There is no difference between vasopressin/terlipressin and SSAs in the prevention of re-bleeding after the initial treatment of bleeding esophageal varices [169]. Treatment with SSAs should be started as soon as possible and in conjunction with endoscopic treatment.

5.3.7. Hepatorenal Polycystosis

Polycystic kidney disease, with or without polycystic liver disease, is an autosomal dominant inheritance condition (PKD1 gen) characterized by renal cysts, liver cysts, and cerebral aneurysm. Cyst formation is mediated by cAMP and adenylyl cyclase agonists because both stimulate the proliferation of epithelial cells of the kidneys [170]. By preventing the formation and growth of cysts, it preserves the original tubular architecture and, therefore, prevents deterioration of renal function. SSAs act on the SSTR2, antagonizing the activity of adenylyl cyclase and, therefore, cAMP, in kidney and liver cells [170].
In vitro and in vivo studies have shown that octreotide achieves a reduction in renal and hepatic cysts with few side effects. SSAs have a good safety profile and can provide effective hepatoprotection and renoprotection [171]. However, long-term studies that include a larger number of patients are required.

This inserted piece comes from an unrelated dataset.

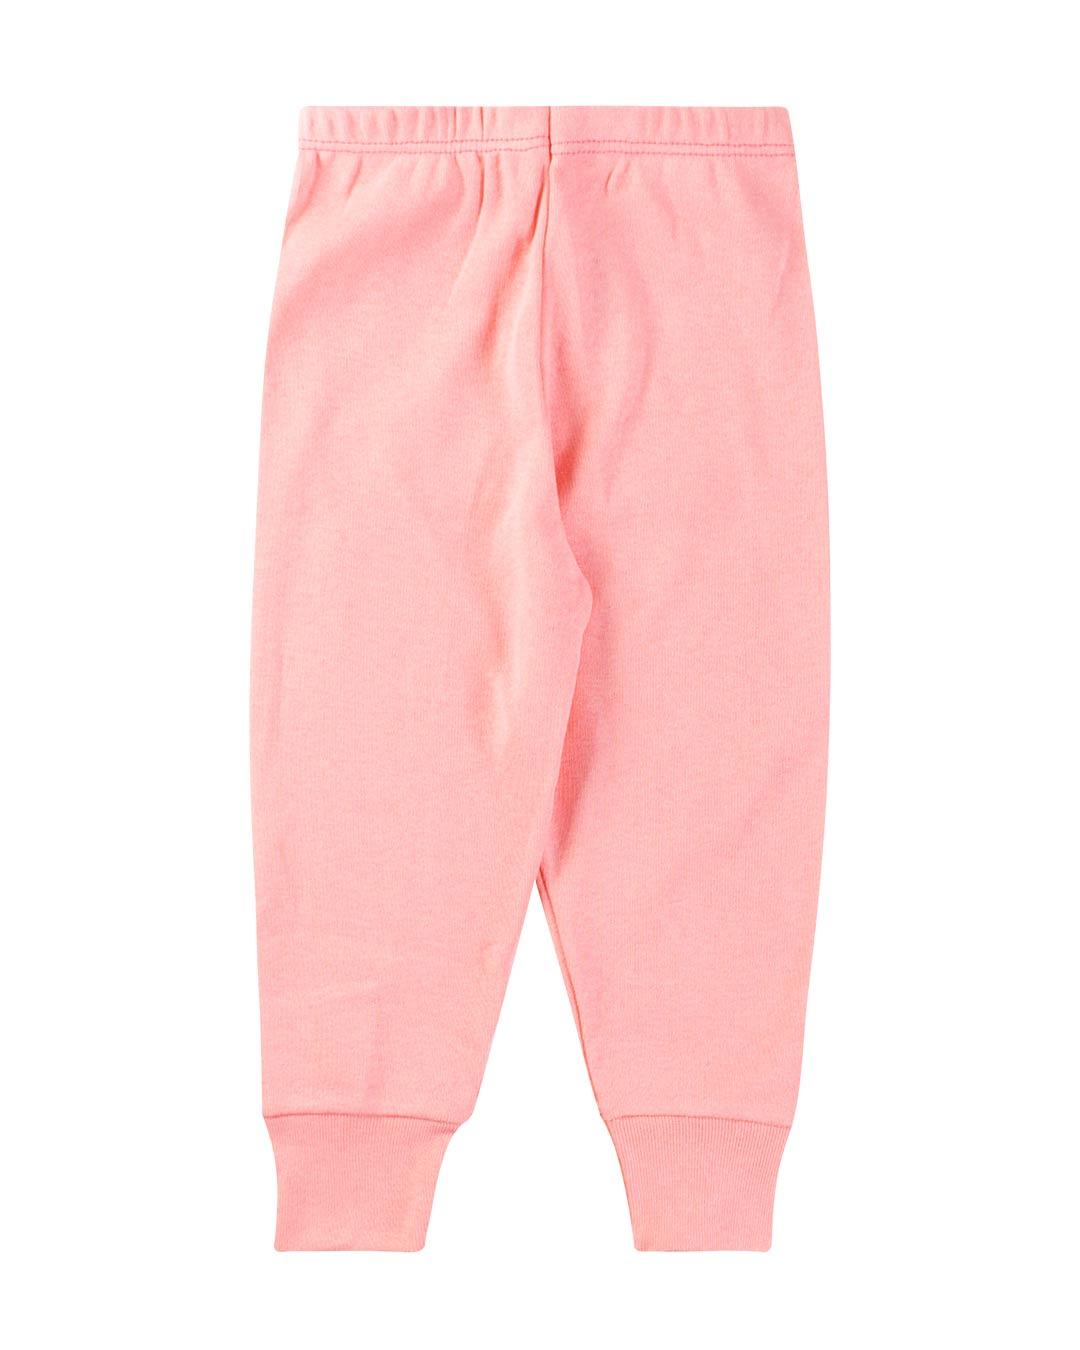 Kit 3 Mijões Básicos Pink - Sorriso Kids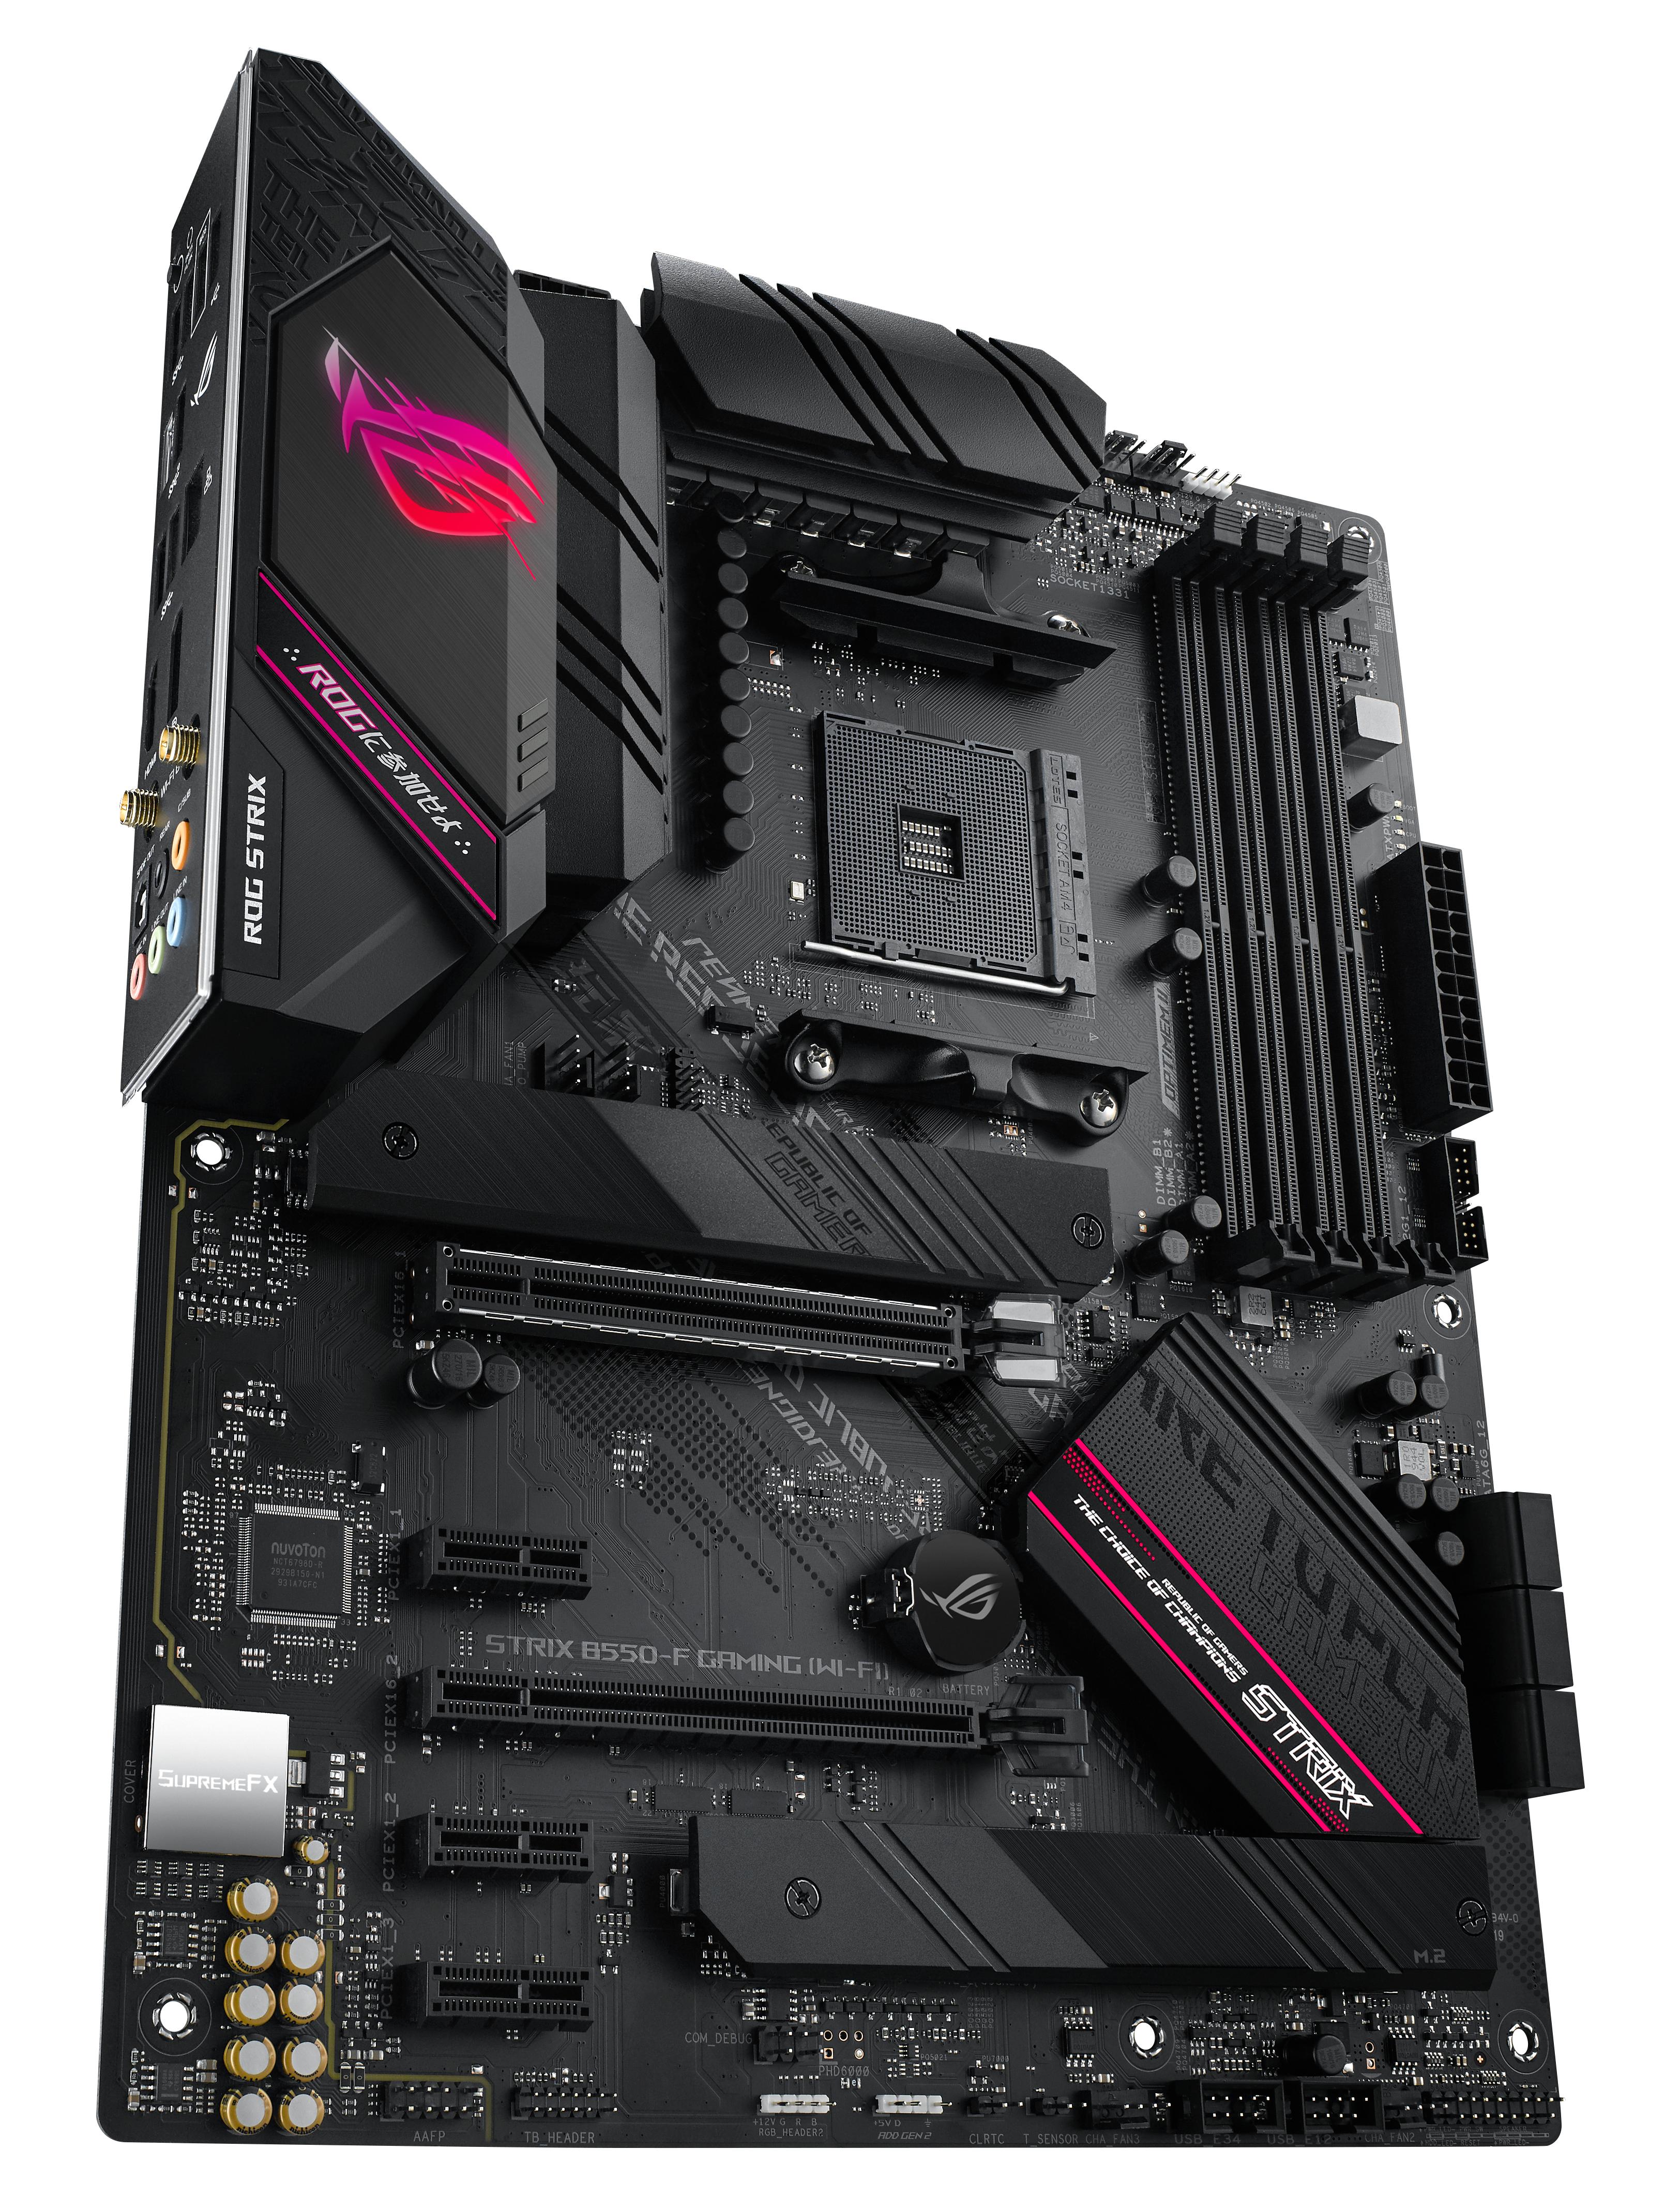 ASUS ROG Strix B550-F Gaming B550 - Mainboard - AMD Sockel AM4 (Ryzen)

5.3.8. Refractory Chronic Diarrhea

Refractory chronic diarrhea is defined as a diarrheal episode of more than 14 days that does not respond to specific antimicrobial therapy or nonspecific antidiarrheal therapeutic measures. The effects of SSAs that contribute to their possible antidiarrheal actions are the inhibition of gastrointestinal motility, exocrine digestive secretions, and intestinal absorption. However, the inhibition of pancreatic secretion could cause diarrhea due to fatty malabsorption.
Octreotide studies have been conducted for the treatment of Refractory chronic diarrhea. The most representative studies with octreotide for the control of AIDS/chemotherapy/short bowel syndrome and graft versus host disease-induced diarrhea have demonstrated a response rate between 41–100%, 74–96%, 16–72%, and 50–100%, respectively [172].
Probably, the use of octreotide for long periods of time is associated with a higher response rate. SSAs have also demonstrated a role in the control of refractory diarrhea associated with medullary thyroid cancer. In a patient with metastatic medullary thyroid carcinoma and refractory diarrhea, octreotide (100 µg three times a day subcutaneously), fecal incontinence control, and sustained diarrhea improvement were achieved [173].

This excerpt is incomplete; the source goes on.